Thanks in advance for anyone trying to help.

Here are my thoughts:

In better resolution the model can pick up more features but it also depends on the number of parameters of the model if it capable of analyzing that many features.

Data augmentation is a good direction to move, you can see tensorflows image data augmentation library it can be helpful to you.

If you are just wanting to detect only the fictional character then maybe its a good idea to concentrate on that, but you need to see the real life test cases, what background do they include?

  • Is WGAN-GP really a good architecture for this case? - I dont know but probably more advanced models exist…
1 Like

Thanks for your reply @gent.spah !

I’ll certainly give a look and try to use the tensorflow data augmentation library!

I understand that there are more powerful architectures like StyleGAN and CycleGAN, but i don’t know how to apply these architectures to my case. I’m trying to generate images of a brazilian folkoric character and as I said, there aren’t many images available, and the WGAN-GP architecture was the one that grabbed my attention because it was more clear to me what i should to to generate more images of this character. Would you give me a clearer idea of how could i use the more powerful architectures? I don’t know if i misuderstood the uses of those architectures in the other classes, so your answer would be of great help.

Its been a while I have done this specialization but I think they explain those architechtures too, you also need to search online to find a pretrained GAN model (start with what comes up to your mind first), that you can possibly fine tune since you dont have a lot of data. These are my suggestions.
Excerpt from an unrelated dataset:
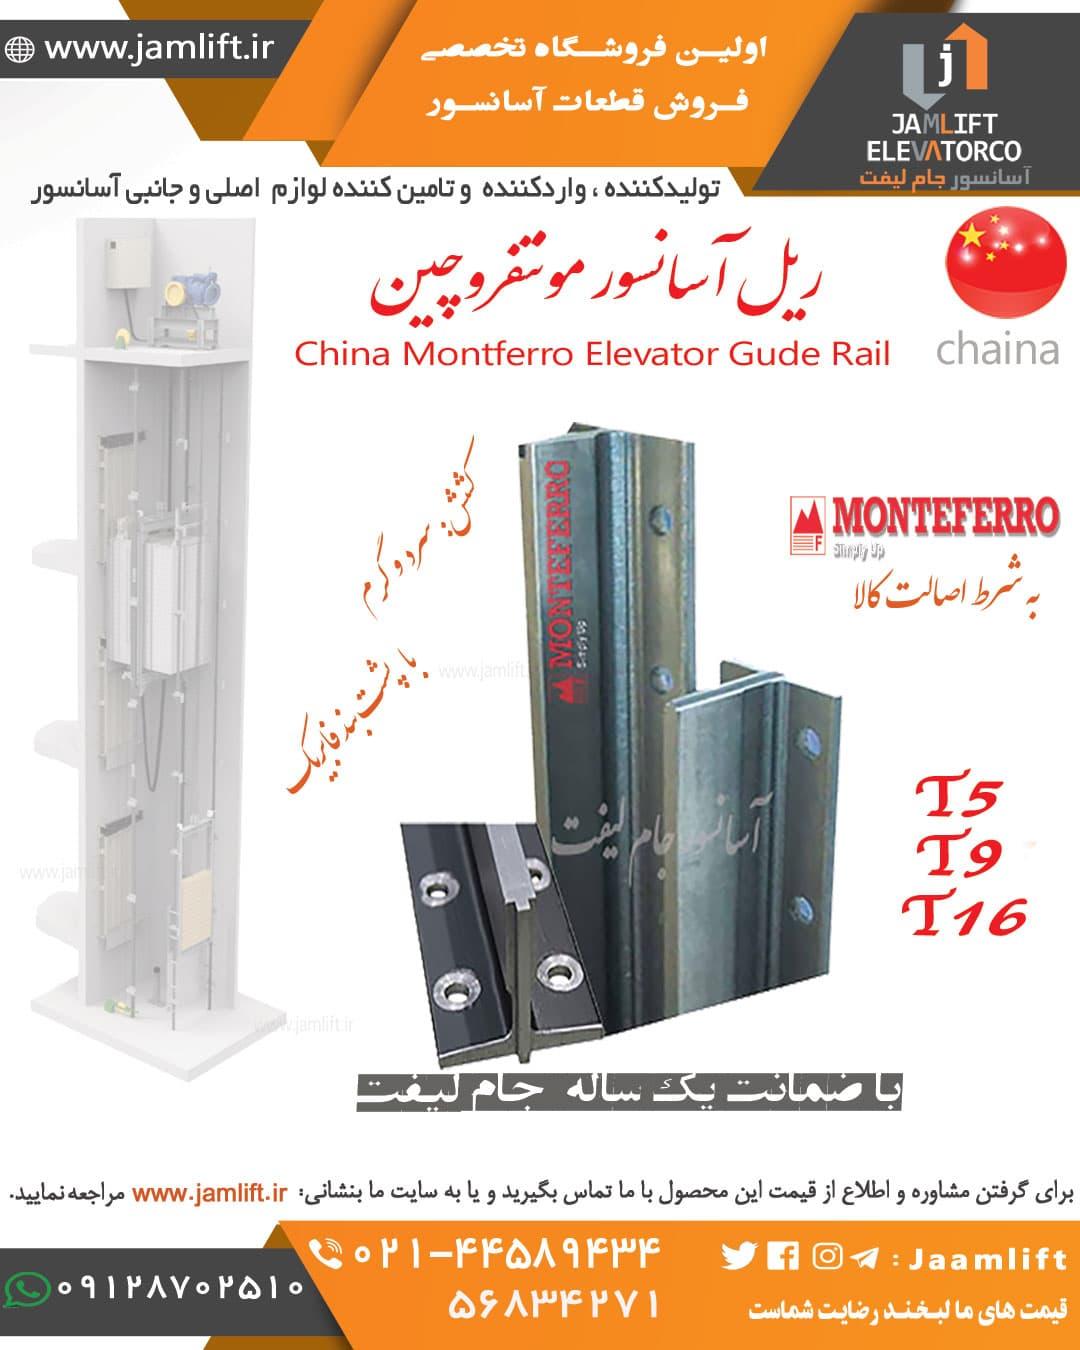 قیمت ریل چین سرد مونتفرو

You are absolutely correct.

I’ve just entered the world of deep learning, it’s not much more than two weeks since i’ve started taking courses on this subject, and I don’t have a strong mathematical and statistical background, so it surely is a lot to digest. But i have to complete this project (it’s the final thesis for my post graduation) as soon as possible since the deadline is close. So the best approach i could’ve think of was doing this WGAN-GP to consolidate my recent obtained knowledge and being able to complete my thesis as fast as possible with a decent quality (for now it’s just provisory results). And later with more time and improving my mathematics, i’ll dive into these more sofisticated architectures.

Thank you so much!

1 Like

Yes thats right the most important point of the thesis is expounding an idea and the steps taken to do it not the final result which in any case is unknown. So try to put effort in the process and if be, you will achieve some or all of the projected goals.

1 Like